Multiple Russia-aligned threat actors actively targeting Signal Messenger
Summary of the Attack
- Commenters distill the report as primarily phishing: fake Ukrainian military Signal group invites (web pages / QR codes) that actually trigger Signal’s “link device” flow to an attacker-controlled desktop client.
- Some campaigns also attempt to exfiltrate Signal databases from Windows and Android devices.
- People note that Google published concrete malicious domains, which others inspect and debate.
Linked Devices, QR Codes, and UX Debates
- Many see this as an inherent risk of any “linked devices” feature: if you can add a new device, that device can silently receive all future messages.
- There’s criticism that linking can be initiated by an external
sgnl://linkdeviceURI, and concern that scanning a QR or clicking a link can effectively do the link with minimal user friction. - Others defend Signal’s current UX: primary device must still confirm, a prominent in‑app prompt exists, and over‑notifying users leads to fatigue.
- Proposed mitigations: permanent “N linked devices” indicator, geo‑based anomaly alerts, an option to forbid linking altogether, and future key transparency so hidden devices become detectable.
Military Context and Smartphone Use in War
- Several infer or restate that one attack path includes capturing phones from dead soldiers.
- Discussion broadens to how both sides in the Ukraine war use smartphones (Signal, Discord, mapping and artillery apps) versus radios. Encrypted military radios exist, but phones are widely used because they’re flexible and familiar.
- Risk tradeoffs are debated: phones are more secure than many legacy radios, but also store sensitive data and can leak locations.
Signal vs Other Messengers & Adoption Challenges
- Some see the targeting as a backhanded compliment: if Russia has to phish, Signal’s core crypto is holding up. Others caution that this doesn’t prove stronger, undisclosed attacks don’t exist.
- Long subthread on persuading people to use Signal: social pressure (“I only use Signal”), ease of onboarding, high‑quality media, and privacy arguments.
- Comparisons with WhatsApp: both use the Signal protocol, but WhatsApp’s metadata collection and contact uploads are viewed as a major downside. Some still accept WhatsApp for social reasons; others prefer SMS over Meta services.
Security Model, Linked‑Device Weaknesses, and Threat Models
- A linked academic paper is discussed: if an attacker compromises the long‑term identity key (e.g., via root on a device or backups), they can add devices without user involvement and potentially break forward secrecy even after unlinking.

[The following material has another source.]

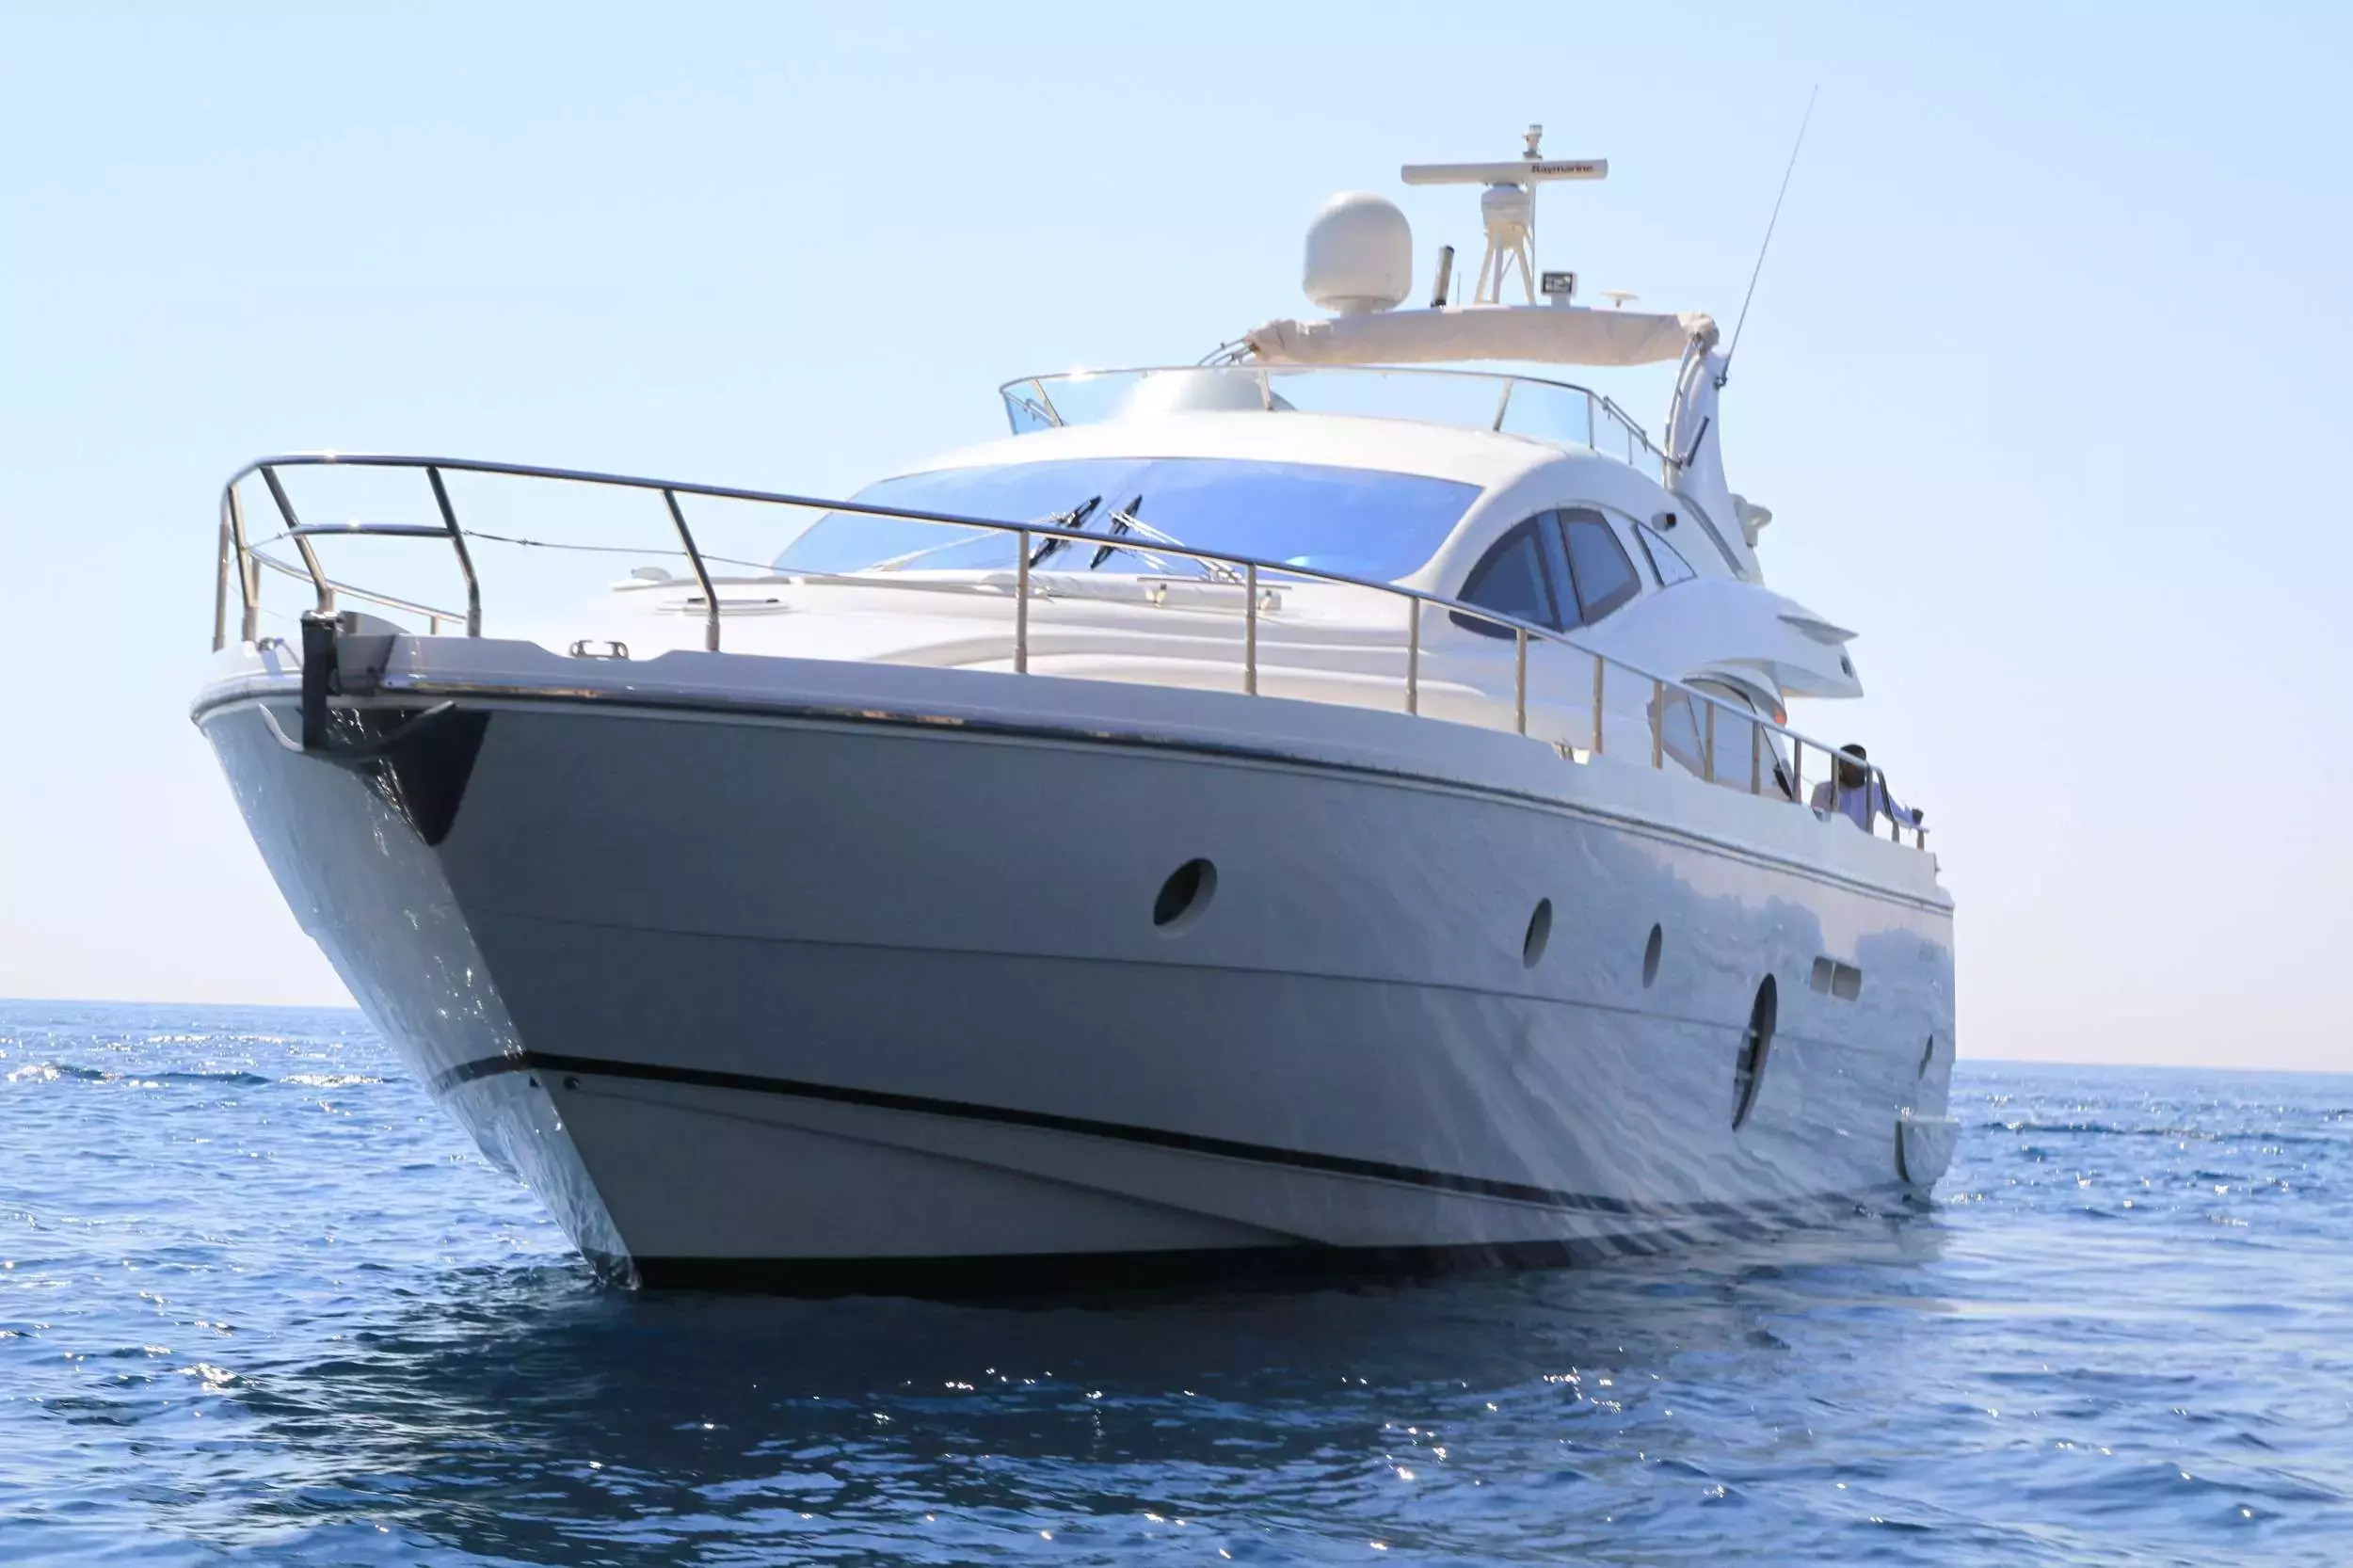 Cinzia by Aicon - Top rates for a Charter of a private Motor Yacht in Malta

- One side argues that once your long‑term key is stolen you are “already lost,” so this isn’t uniquely alarming. Others counter that users reasonably expect revoking a device to actually cut it off from future messages, and that Signal previously downplayed this class of risk.
- Commenters stress that phishing and endpoint compromise (malicious apps, browser extensions, OS backdoors) are far easier in practice than attacking the Signal protocol itself.
Disinformation, Attribution, and Geopolitics
- Some are skeptical of Google’s framing of “Russia‑aligned” actors, highlighting fake WHOIS data, the fog of war, and potential one‑sidedness in reporting attacks from only one side.
- Others argue that, given Ukrainian‑language lures aimed at Ukrainian military migrating off Telegram, Russian origin is the most plausible reading and that constant doubt can shade into unhelpful FUD.
- There are tangents about Russia’s broader information operations, social‑media propaganda, and the fragility of democracies to such campaigns.
Broader Reflections on E2E Encryption and Trust
- Several note that E2E crypto only protects data in transit; compromised clients, OSes, app stores, or hardware can exfiltrate plaintext with a one‑line HTTP request.
- Reproducible builds, certificate transparency, and future key‑transparency logs are suggested as ways to make misbehavior detectable, not impossible.
- Some worry that using Signal may even mark users as interesting targets to powerful adversaries, though others emphasize that it still greatly raises the cost of mass surveillance.